The All Is Lost fan club seems to have a few more older than younger members. David Thomson‘s recent rave and Maureen Dowd‘s N.Y. Times profile of Robert Redford (in the 10.13 Sunday print edition) suggest this. Several have noted that All Is Lost is a metaphor about how nature has a way of making things more and more difficult for long-of-tooth guys, and then surrounding and taking them down. Salman Rushdie told me at the Telluride Film Festival that it wouldn’t be as effective if Redford was in his 40s — the fact that he was born in 1937 makes it all the more poignant. My son Jett (who attended the All Is Lost Manhattan premiere last night) says he liked it “but I like Gravity better.” (To which I said, “You can’t tell me you prefer Sandra Bullock‘s performance to Redford’s…you can’t tell me that.”) And let’s not forget Guy Lodge‘s snide little ageist remark, posted on this site, when he asked if I like All Is Lost so much because I’m in the older camp. Yeah, that’s it, Guy.

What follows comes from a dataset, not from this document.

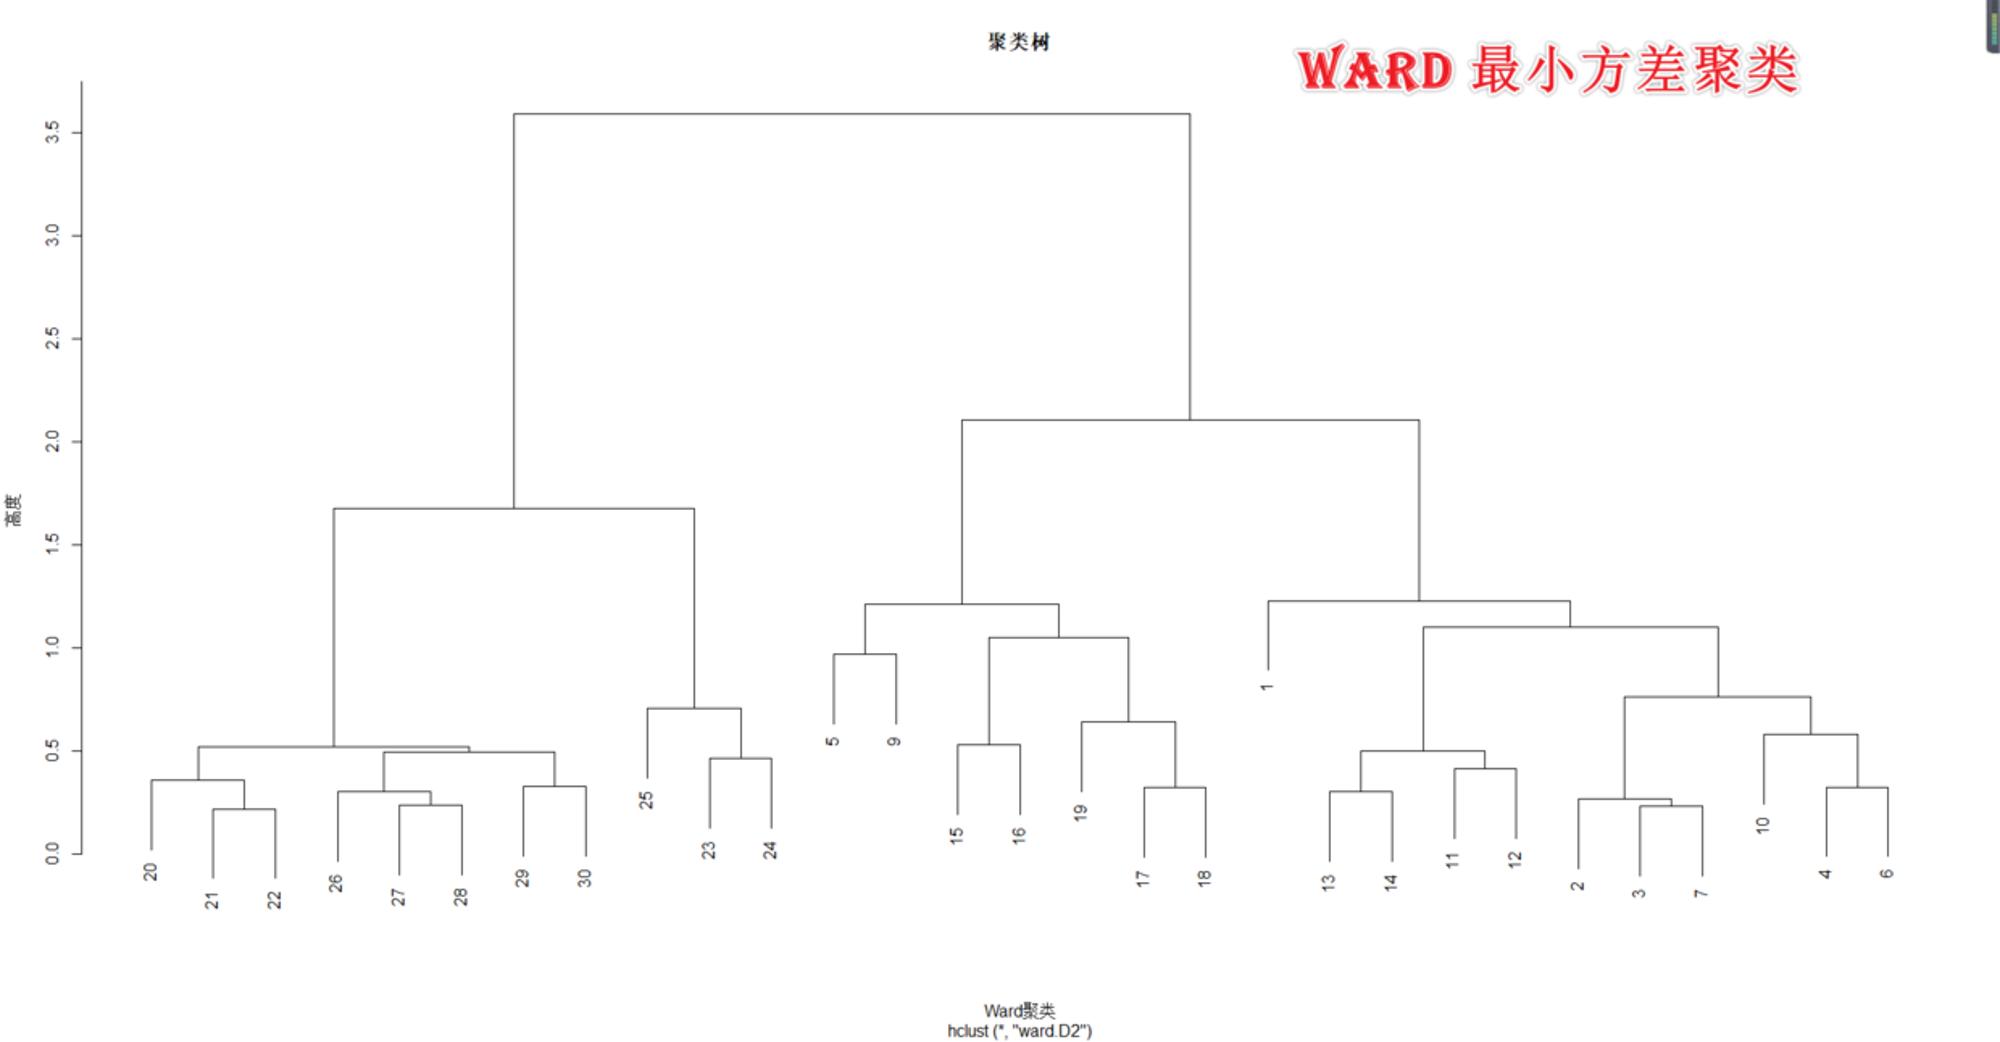 Ward 最小方差聚类

Obviously the film’s metaphor are hitting closer to home with the over-45s than the under-45s. I don’t know why as the film isn’t exactly difficult to read. Redford’s “Our Man” is a fairly together dude, skilled at survival and no pushover against the elements, but younger GenXers and GenYers obviously aren’t relating as much. Then again the Academy membership will relate, one presumes, given the average age and whatnot.

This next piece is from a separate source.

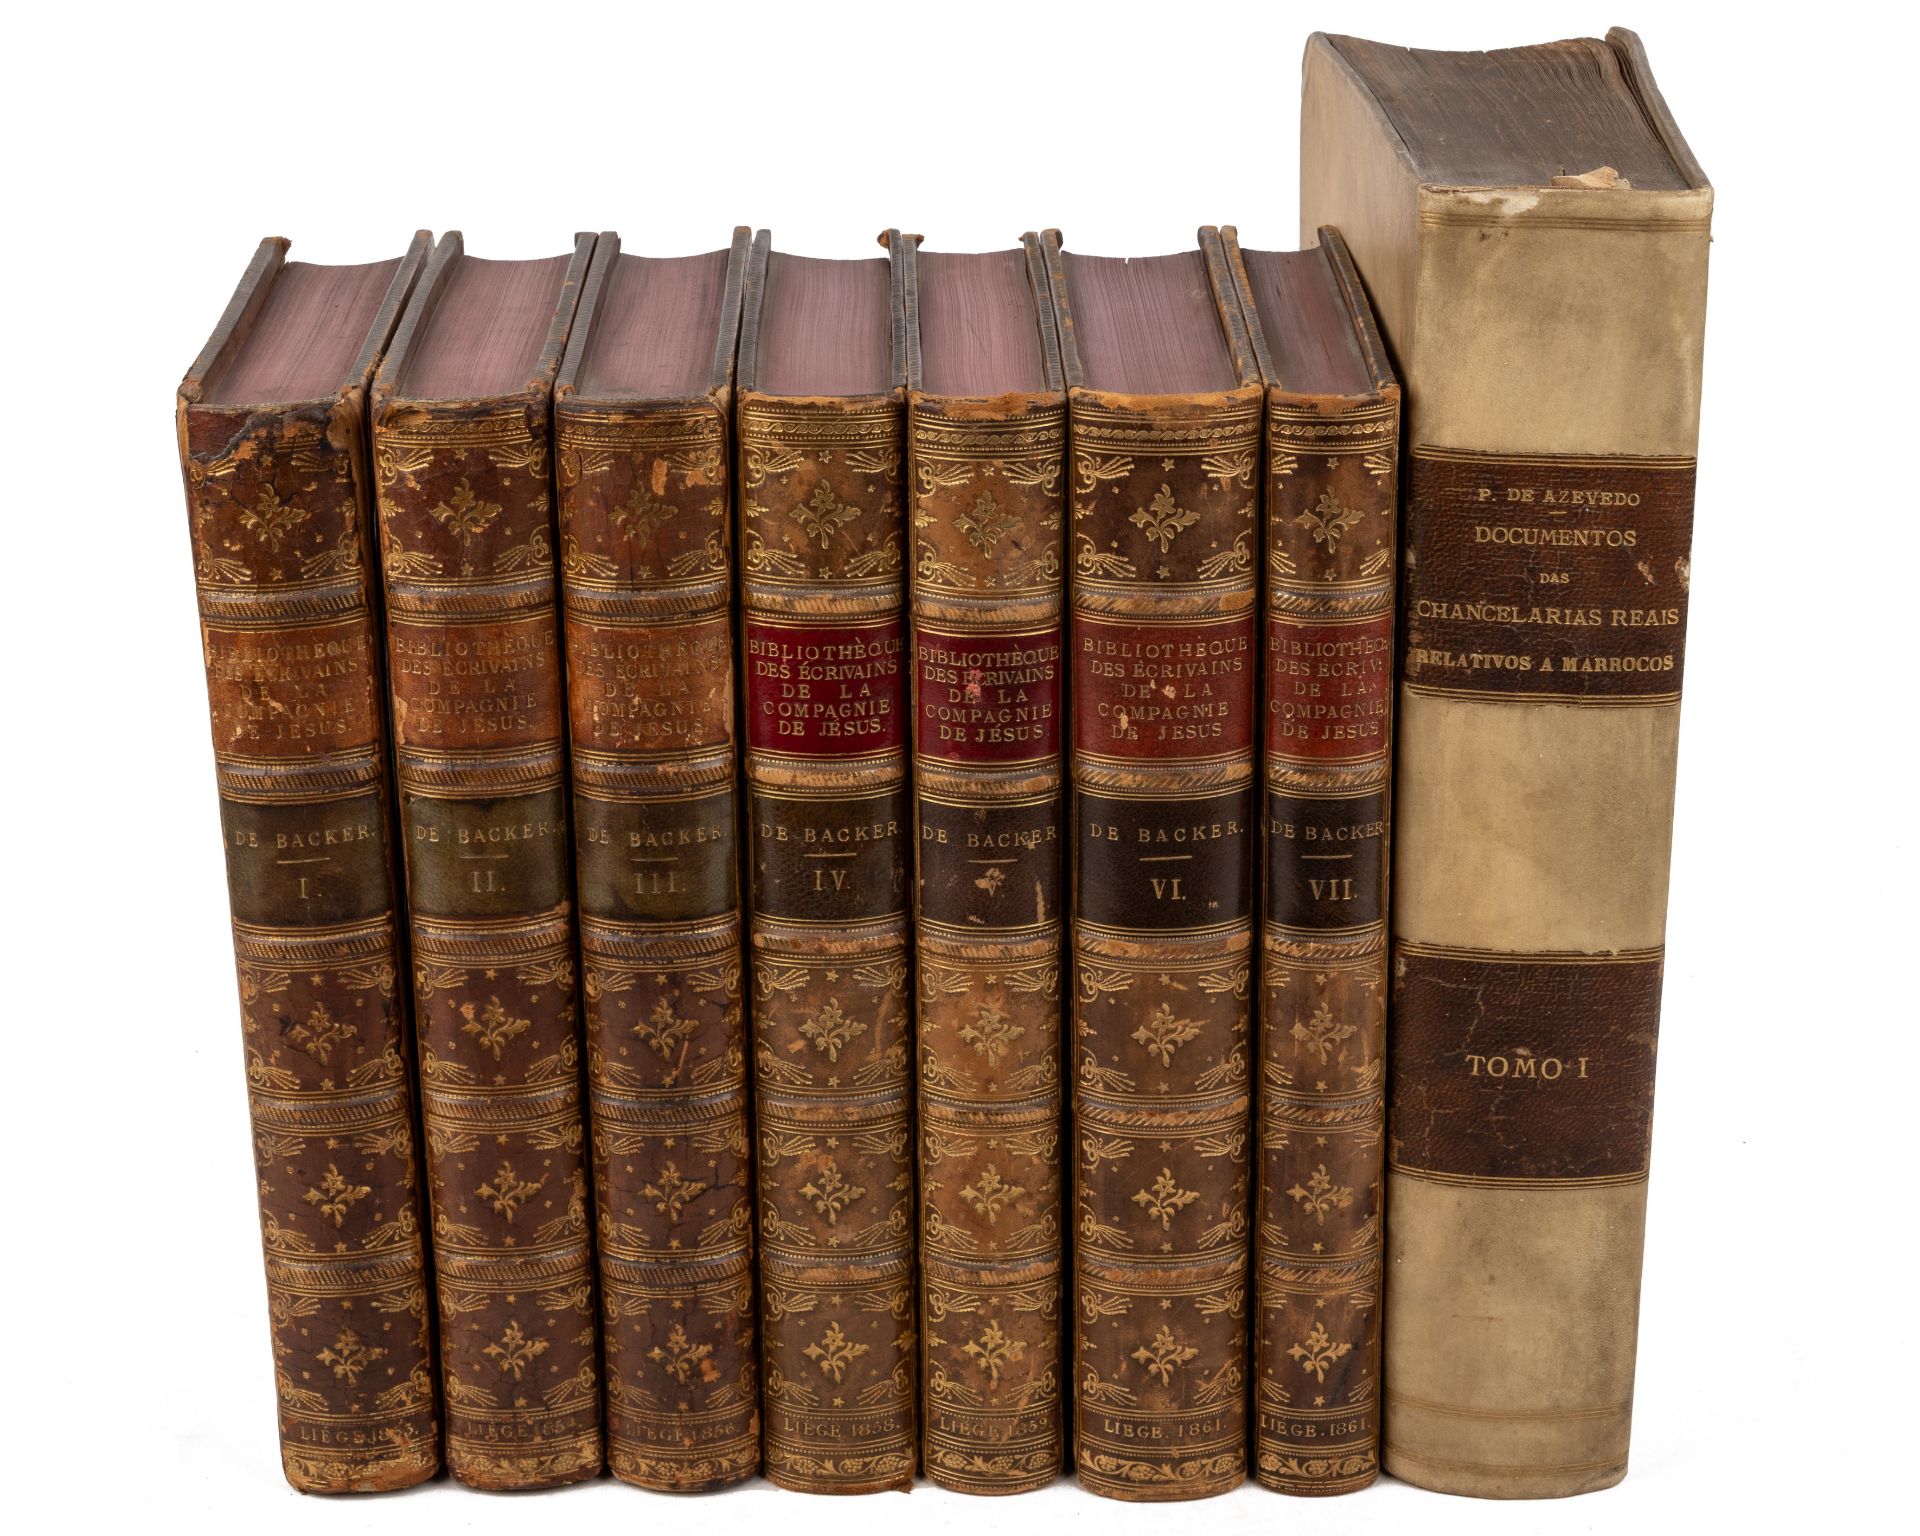 Backer (Augustin et Alois de). Bibliothéque des Ecrivoins de la Compagnie de Jesus... 7 vols 4to.

Minutes before All Is Lost played in Cannes last May “we walk in and we sit down front and center and that made me nervous,” Redford tells Dowd. “Where do you escape? How do you get out of here? And then the film plays, and it was hard for me to watch it.”

“Mr. Redford, who has never won an Oscar for acting, braced himself for boos and received a nine-minute standing ovation.

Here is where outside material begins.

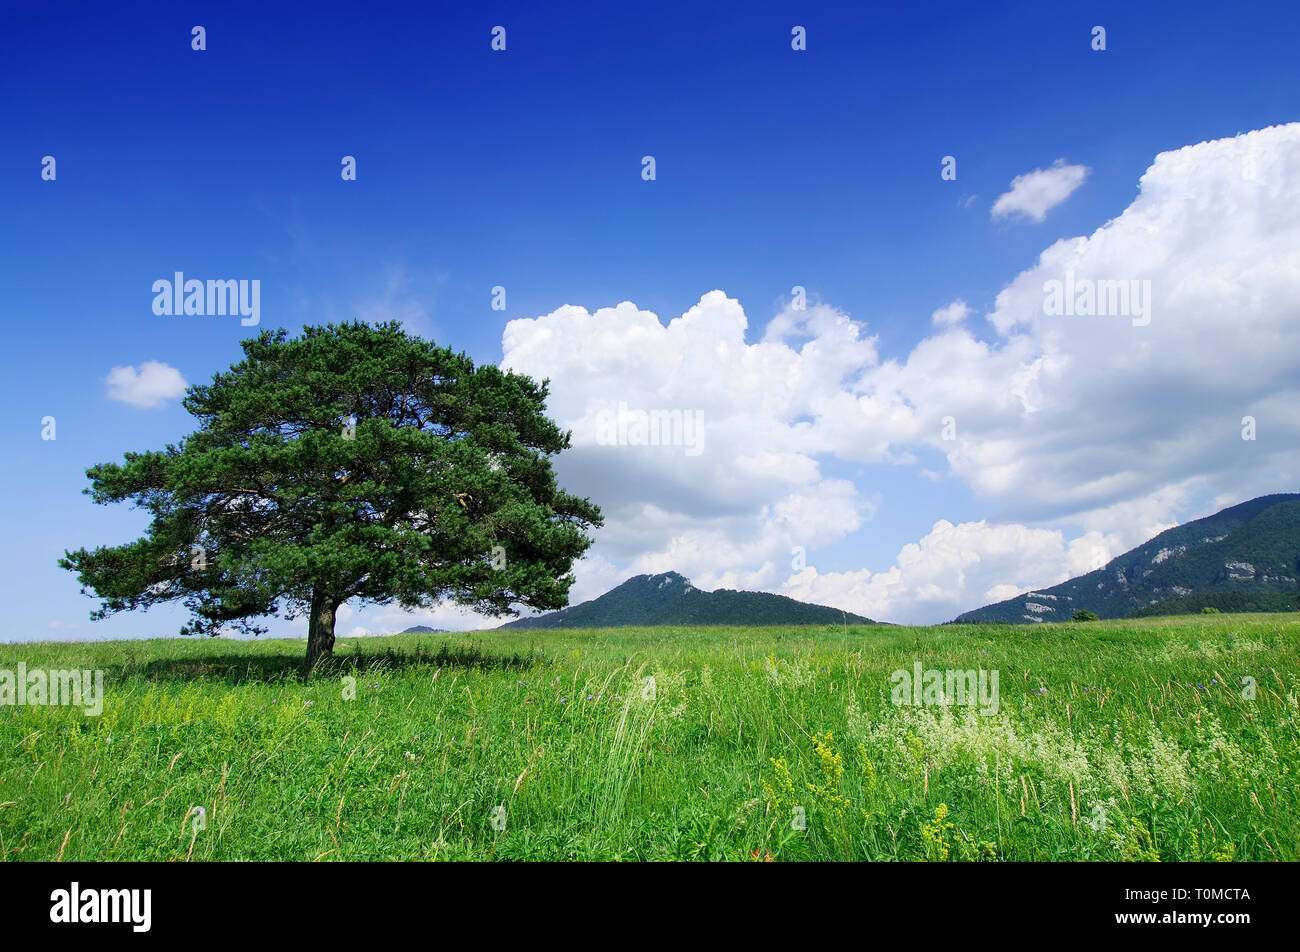 Paesaggio, albero solitario sul campo verde, cielo blu e nuvole bianche in background Foto Stock

“’It just threw me completely,’ he said. ‘I felt self-conscious and awkward and shy, and I didn’t know what to do.’ He remembers saying to his wife, the German artist Sibylle Szaggars, and his director, ‘Hey, let’s go.’ He said he also told Mr. Chandor, ‘Enjoy this moment because it will probably never come again,’ acknowledging with a laugh that he might have been a damper on the party. ‘I’m a great partner to have.’

“He says he has grown more comfortable in himself as he gets older, and abides by his favorite T. S. Eliot line: ‘There is only the trying. The rest is not our business.’

“To me, it was always to climb up the hill,” Redford tells Dowd. “Not standing at the top.”